Activity: Look below for the line that has "Tales of a Bergdorf Goodman Window Dresser"; output exactly from it through the line that has "Renault Duster Red", and leave the pictures out.

Available data:
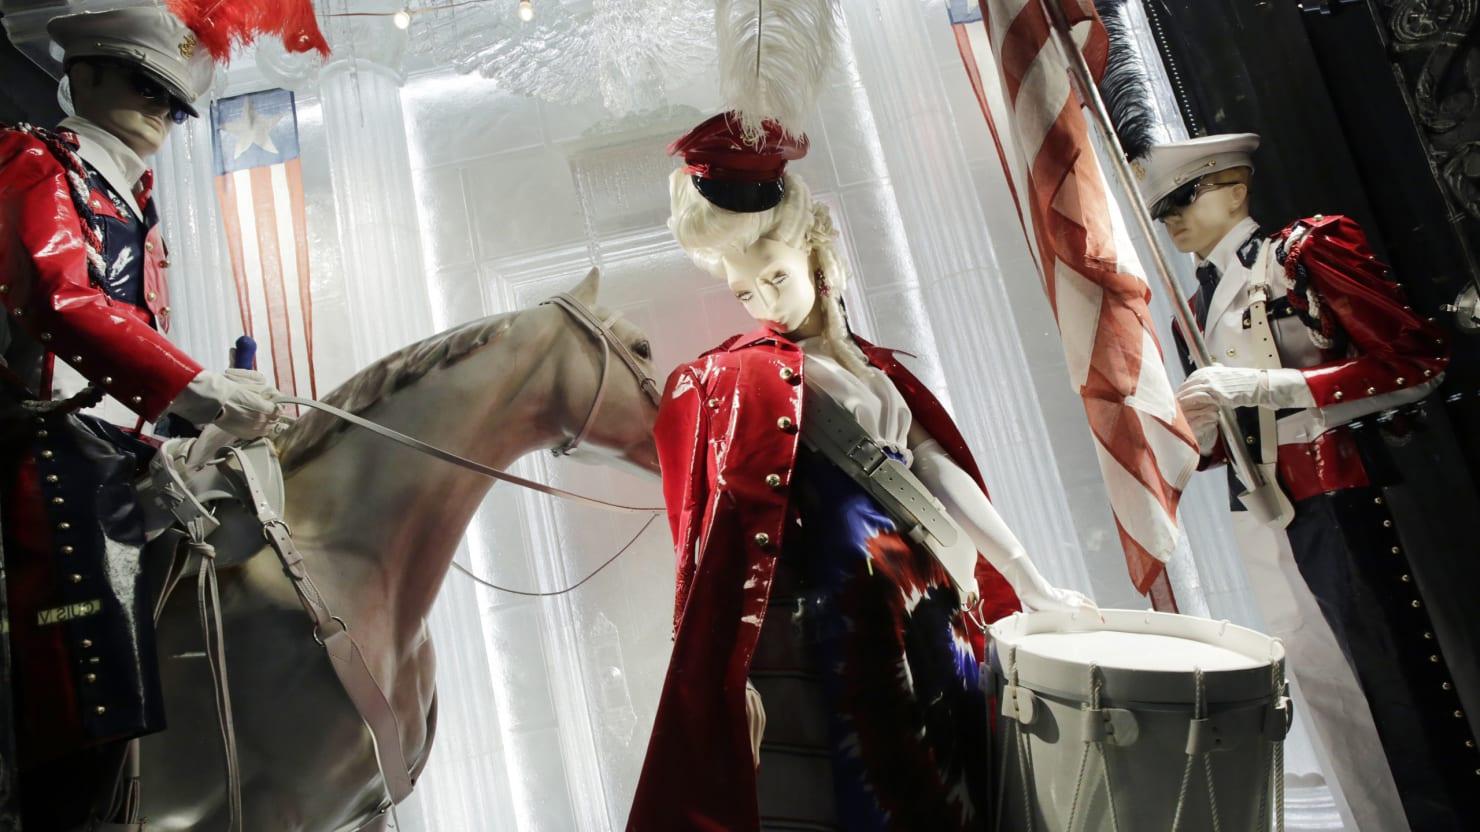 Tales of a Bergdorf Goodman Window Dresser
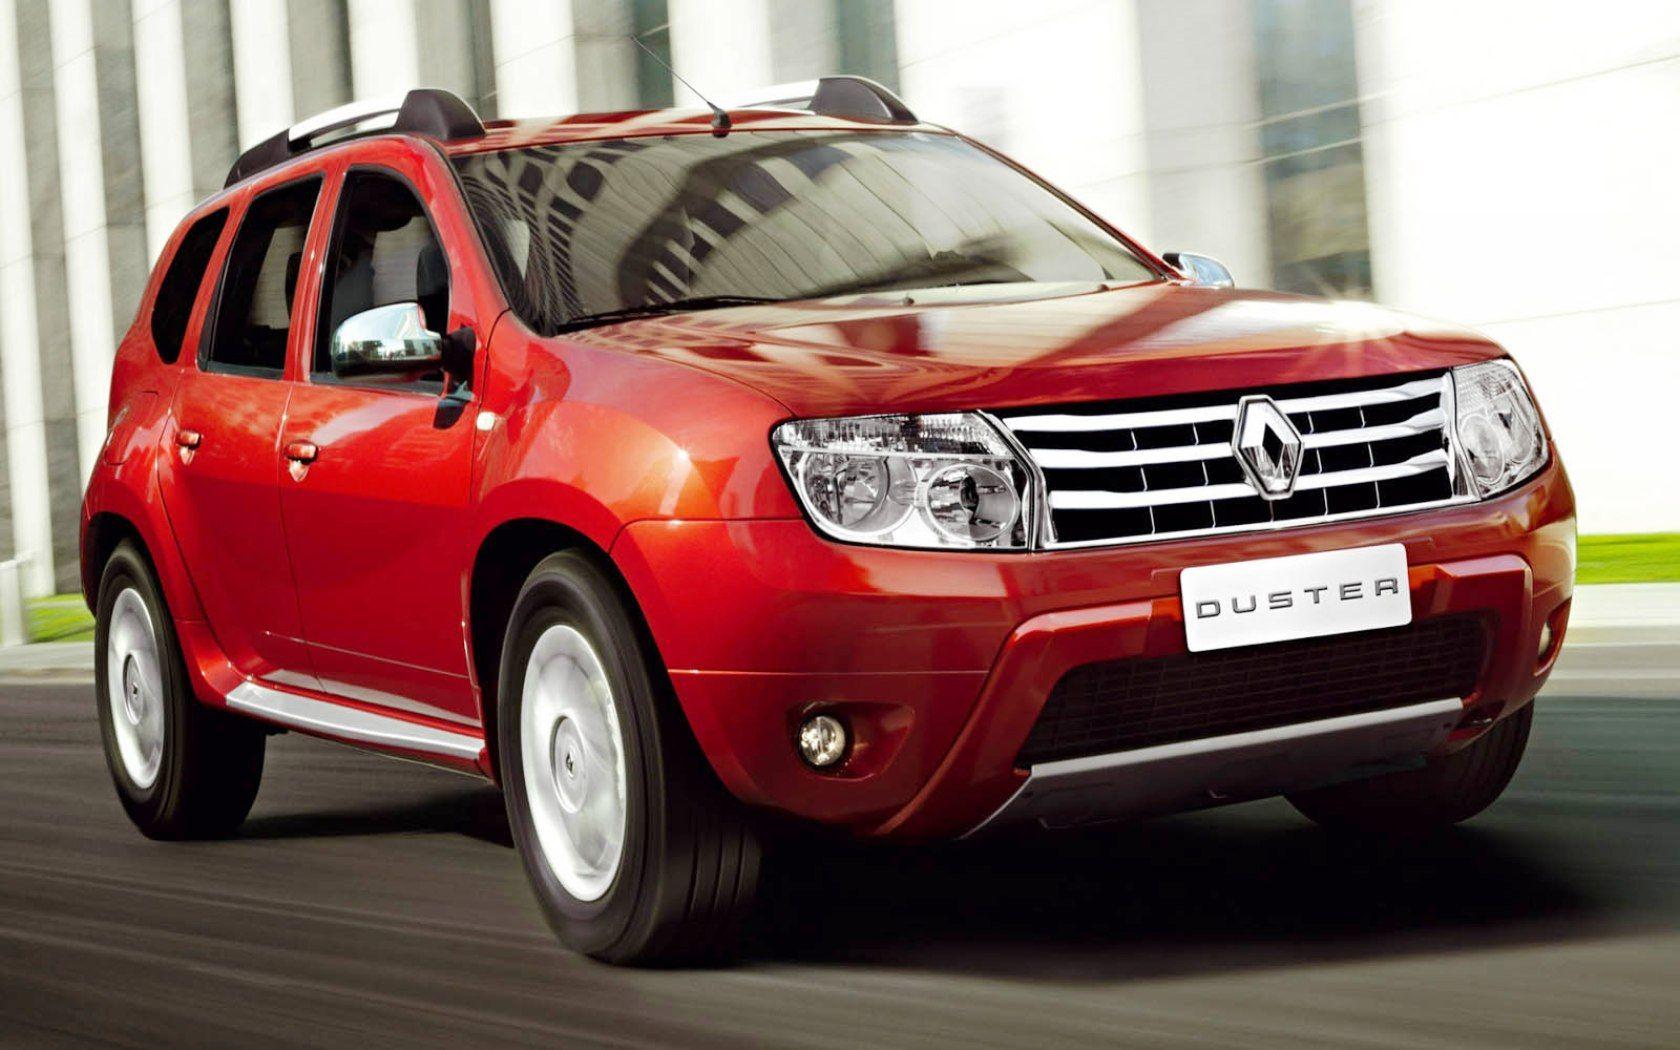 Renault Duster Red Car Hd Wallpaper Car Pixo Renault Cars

==

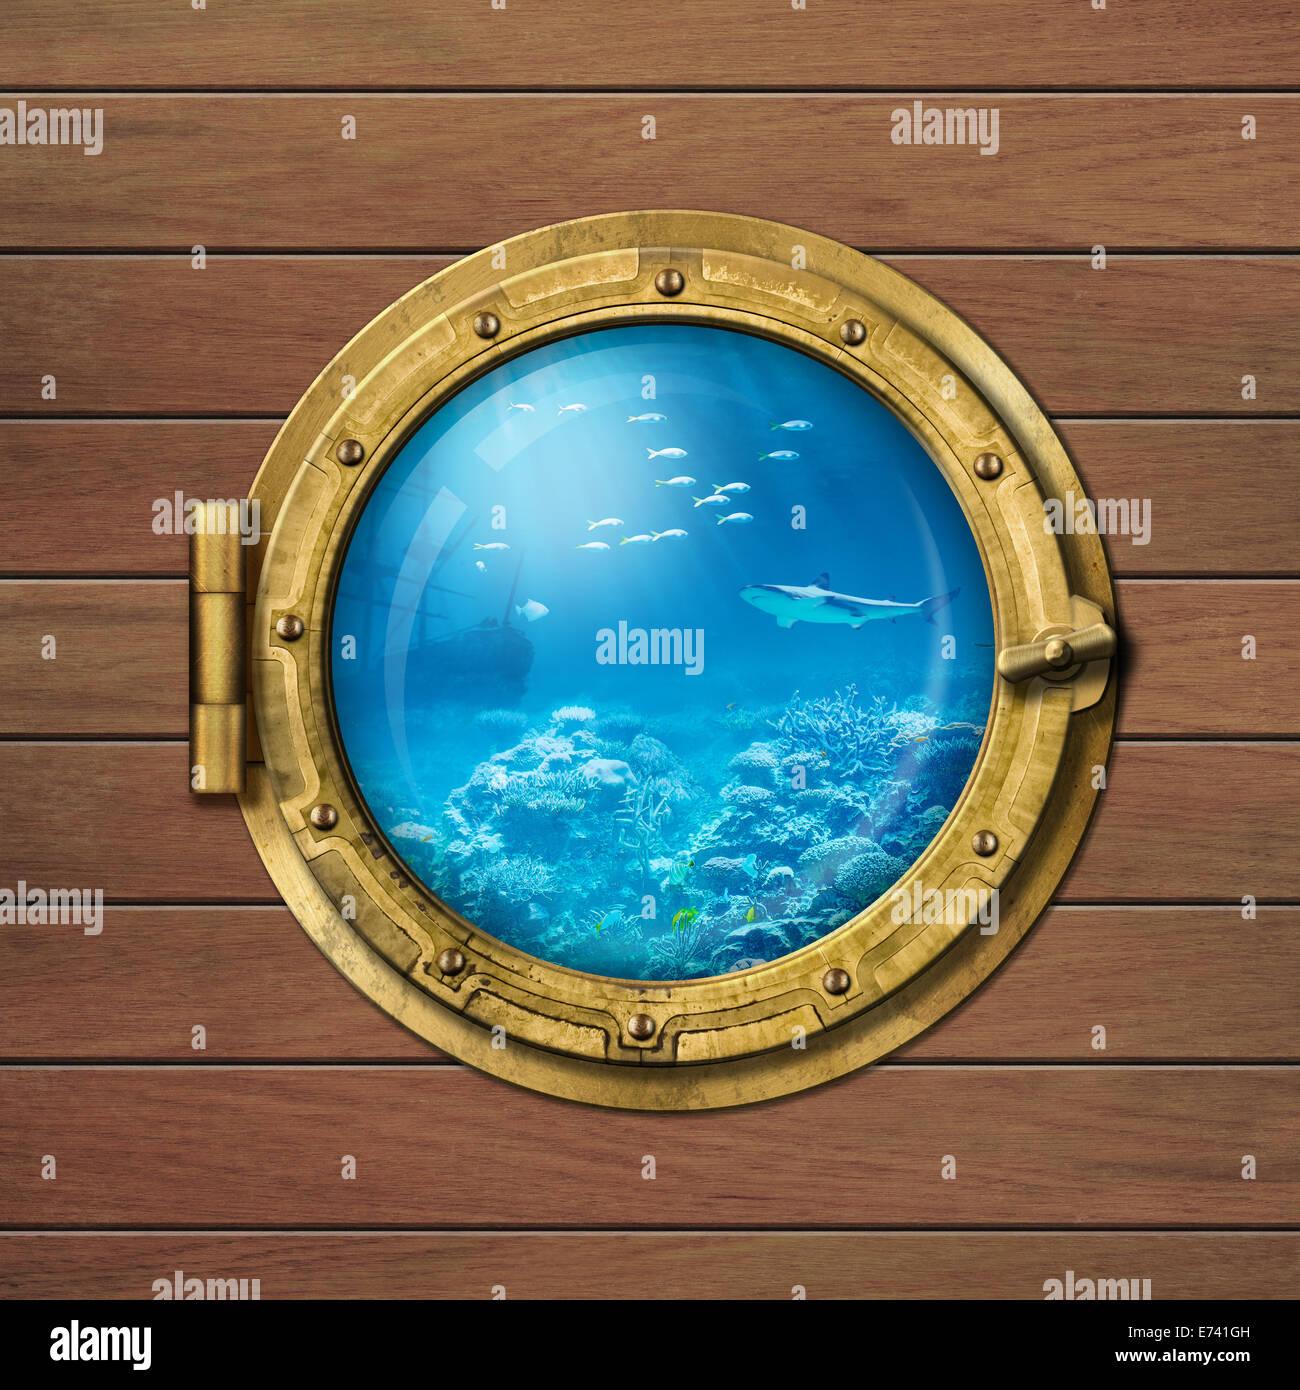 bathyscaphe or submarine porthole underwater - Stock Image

Output:
 Tales of a Bergdorf Goodman Window Dresser
 Renault Duster Red Car Hd Wallpaper Car Pixo Renault Cars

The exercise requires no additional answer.